[PYTHON] GBDT library: I tried fuel consumption prediction (regression) with CatBoost

I didn't know CatBoost, which is sometimes used alongside XGBoost and lightGBM, which are GBDT (Gradient Boosting Decision Trees) libraries, until recently, so I tried to move it with a regression task. It was.

CatBoost？

I will paste the introductory text of the official website. (Google translated)

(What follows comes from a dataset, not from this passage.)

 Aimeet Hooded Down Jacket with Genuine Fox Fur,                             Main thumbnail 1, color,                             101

CatBoost is a decision tree gradient boosting algorithm.
Developed by Yandex researchers and engineers
Used for search, recommendation systems, personal assistants, self-driving cars, weather forecasts, and many other third-party tasks such as Yandex, CERN, Cloudflare, and Careem taxis.

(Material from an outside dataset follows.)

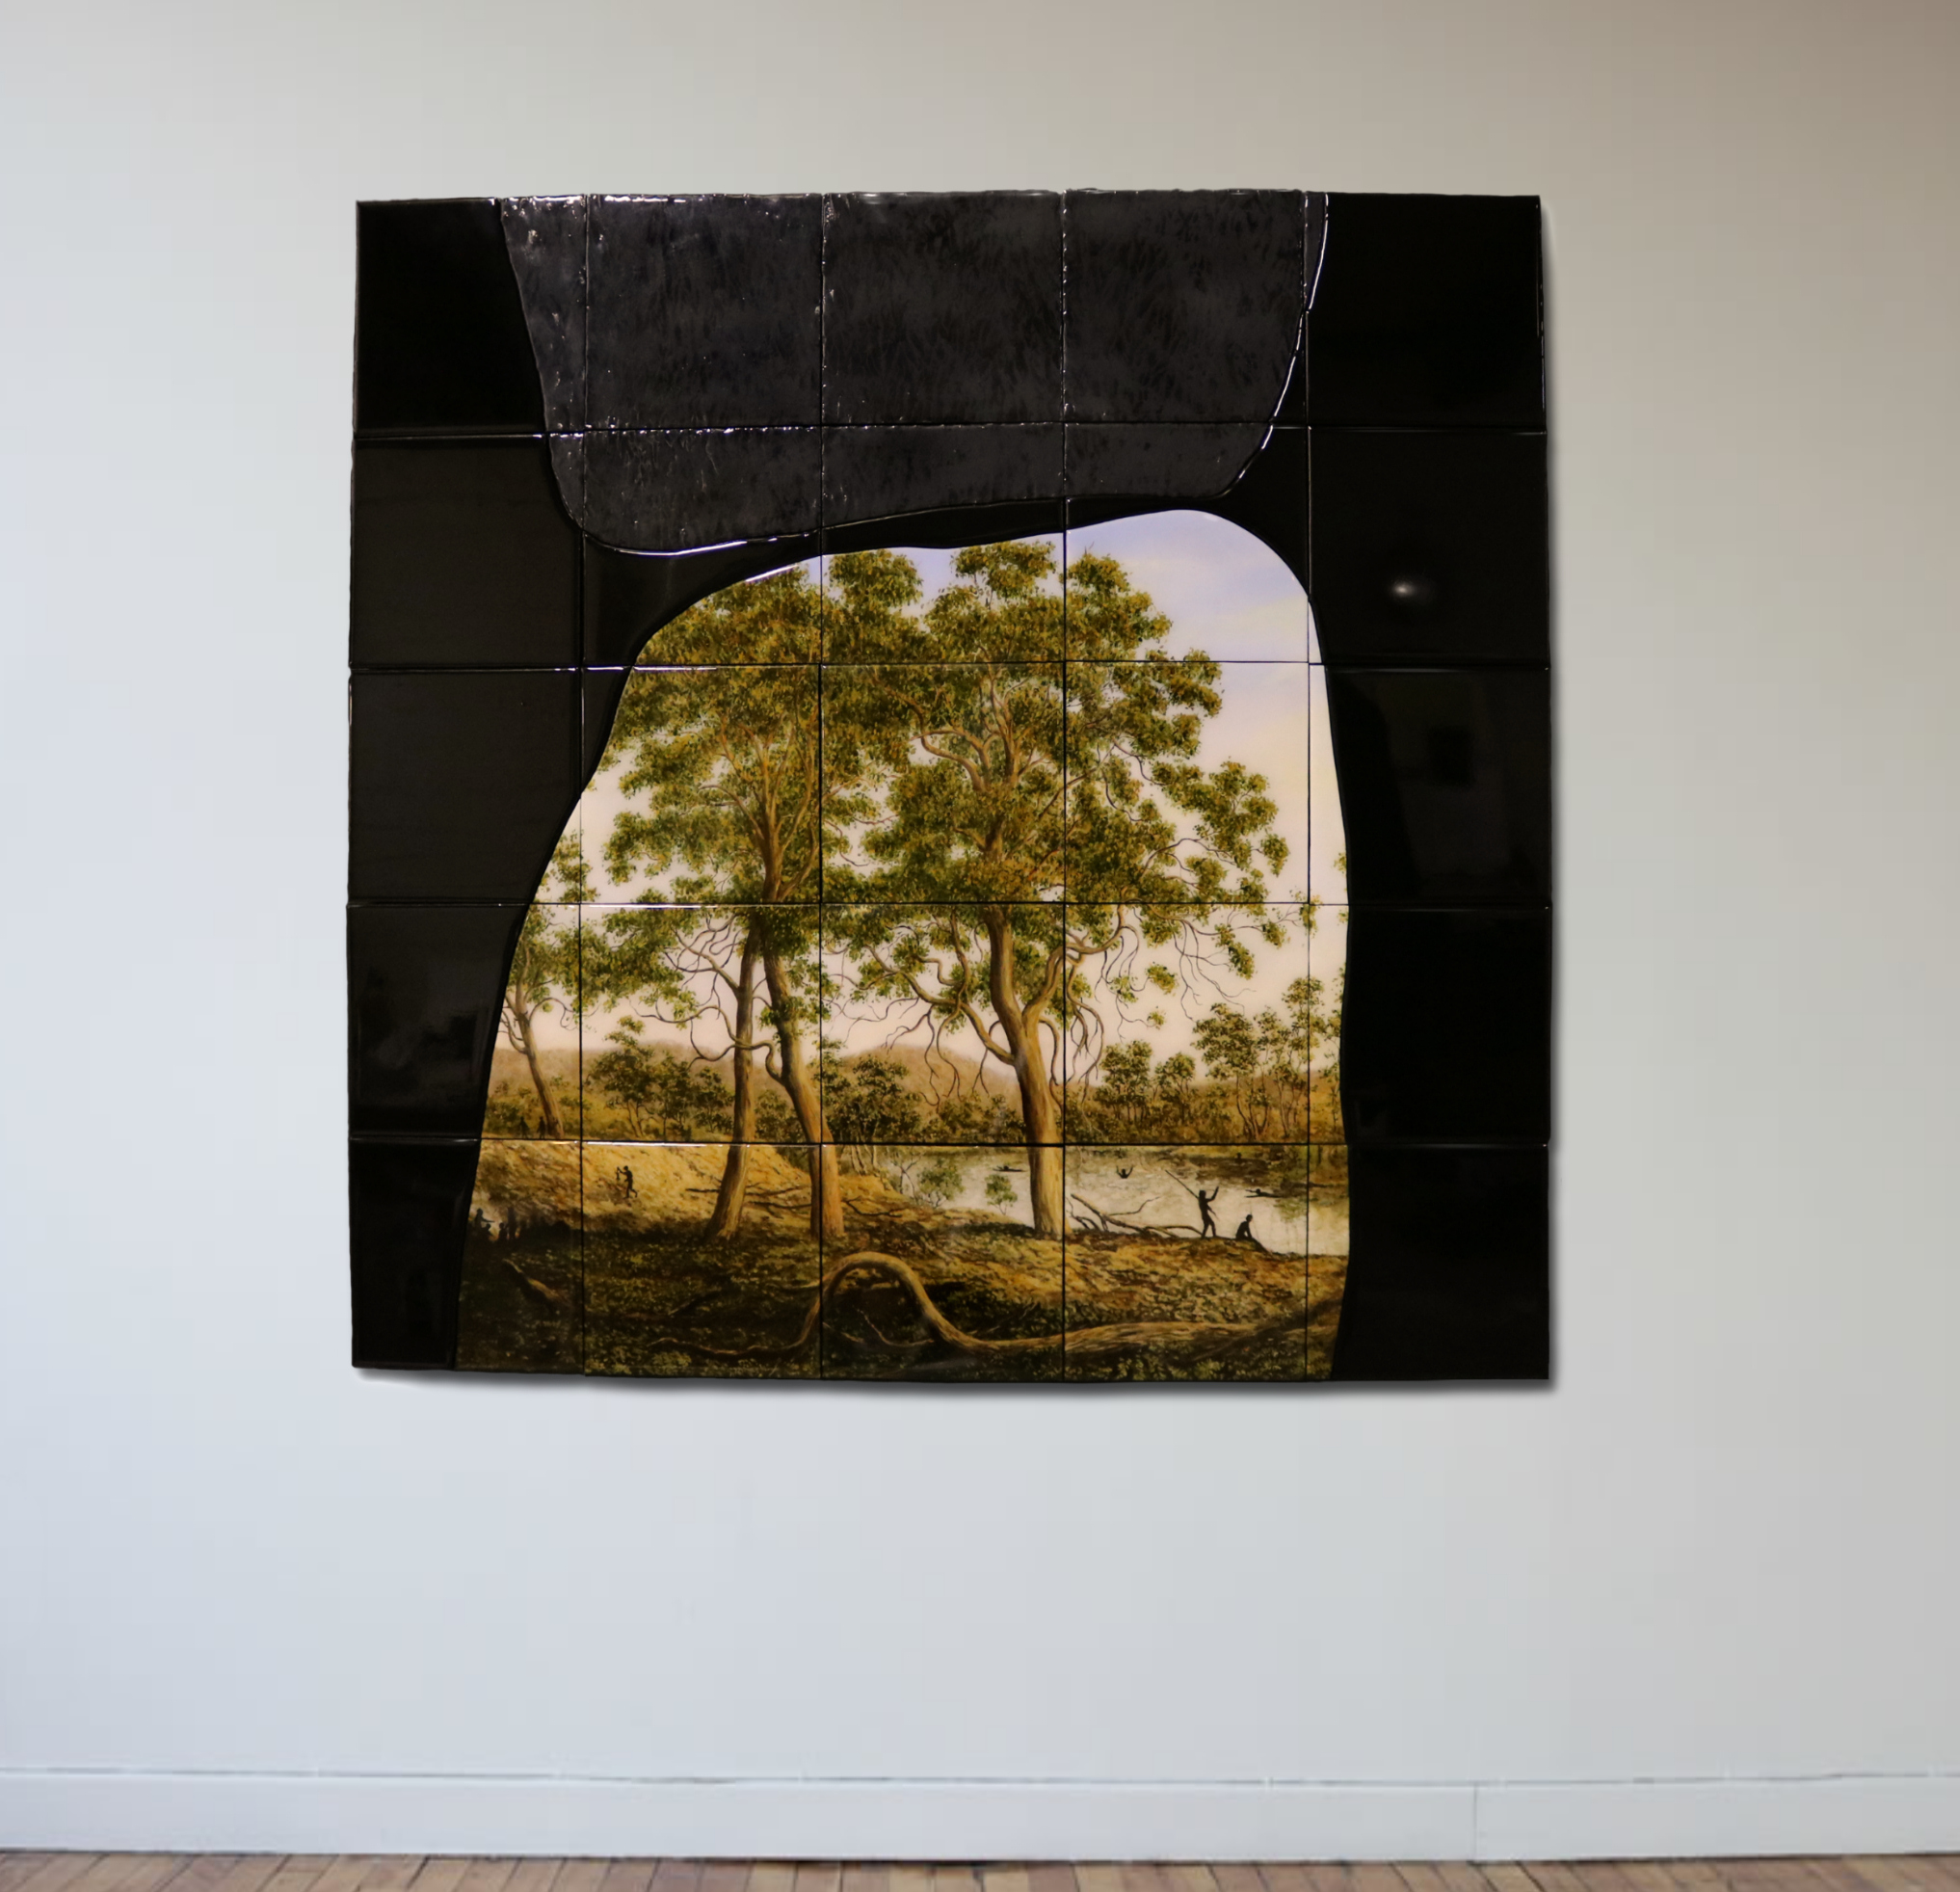 -Fenton-Robert-The last landscape

Articles that I used as a reference

-Regression: Predict fuel economy

House Prices Regression Using CatBoost

The data set used this time

--Auto MPG dataset -This is the dataset used in TensorFlow Tutorials here. --Predict the fuel efficiency of a car. Explanatory variables include number of cylinders, displacement, horsepower, weight, and so on.

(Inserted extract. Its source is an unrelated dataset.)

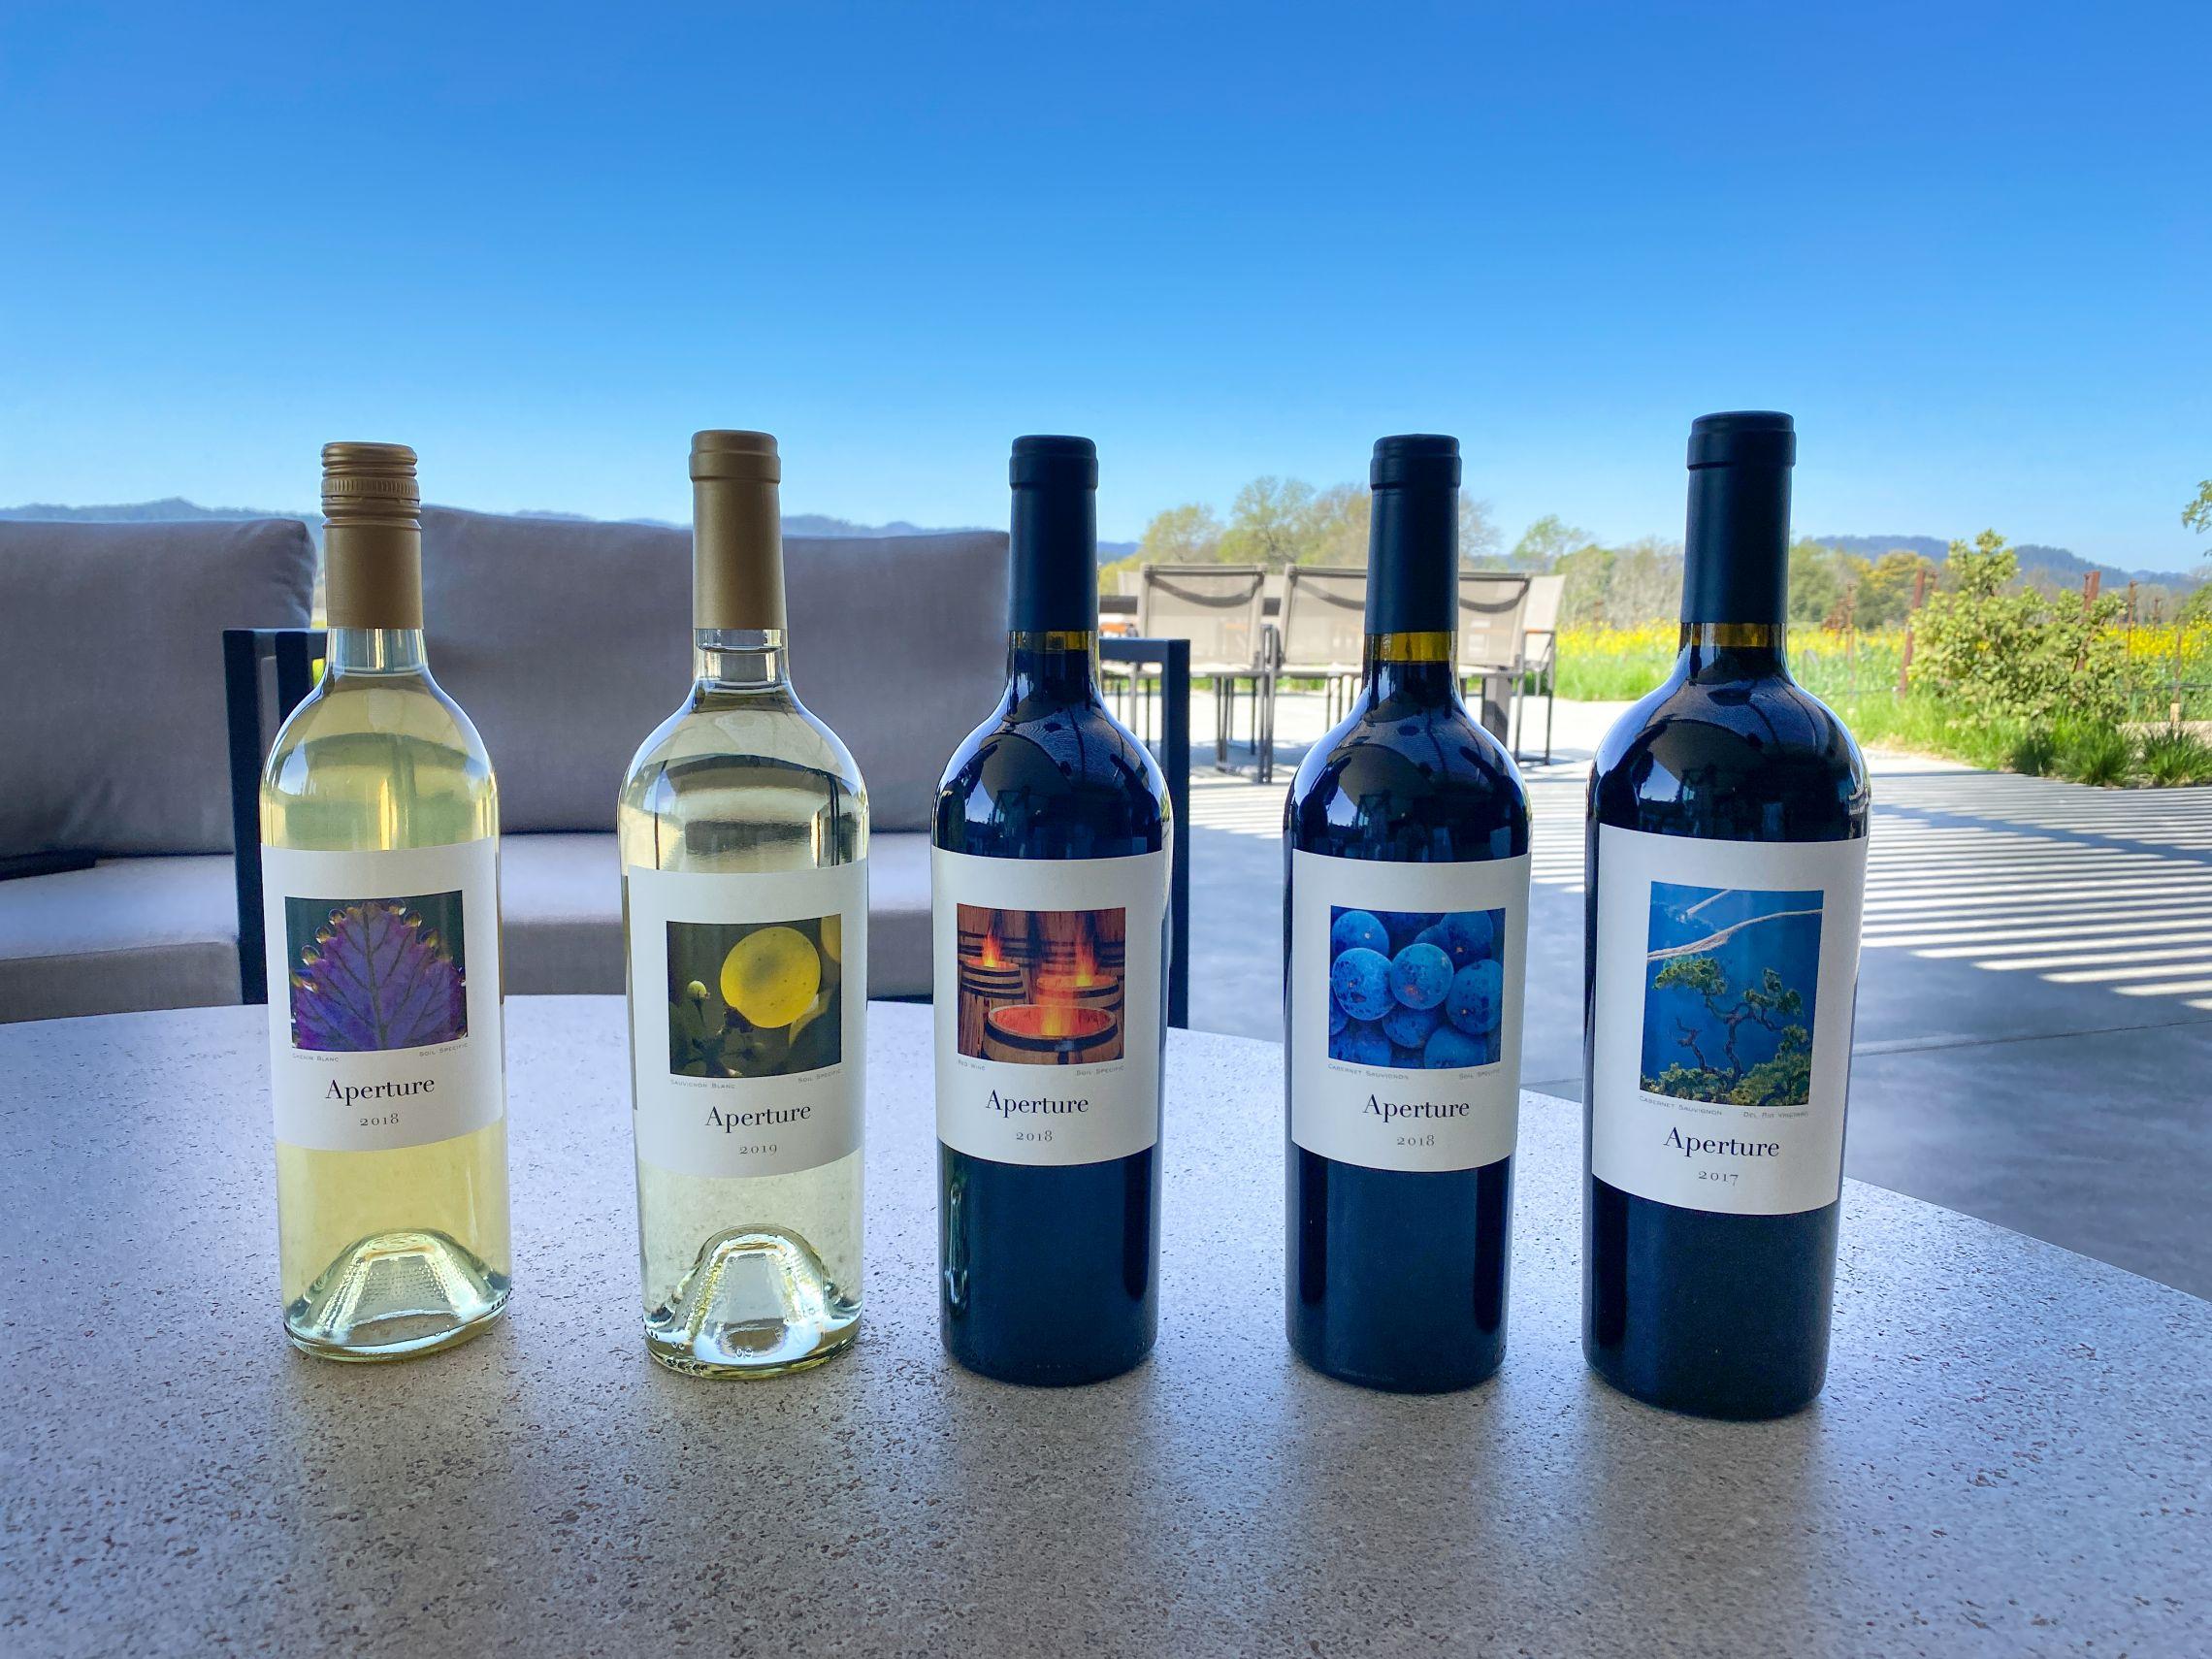 Wine tasting at Aperture Cellars in Sonoma County.

The following code ran on Google Colab. (CPU)

Install CatBoost with pip

!pip install catboost -U

Download dataset

import urllib.request

url = 'https://archive.ics.uci.edu/ml/machine-learning-databases/auto-mpg/auto-mpg.data'
file_path = './auto-mpg.data'
urllib.request.urlretrieve(url, file_path)

Data preprocessing

import pandas as pd

column_names = ['MPG','Cylinders','Displacement','Horsepower','Weight',
                   'Acceleration', 'Model Year', 'Origin'] 
dataset = pd.read_csv(file_path, names=column_names,
                      na_values = "?", comment='\t',
                      sep=" ", skipinitialspace=True)

#This time the purpose is to move, so nan will drop
dataset = dataset.dropna().reset_index(drop=True)

#Category variable:Origin is handled by Cat Boost, so make it a String type
dataset['Origin'] = dataset['Origin'].astype(str)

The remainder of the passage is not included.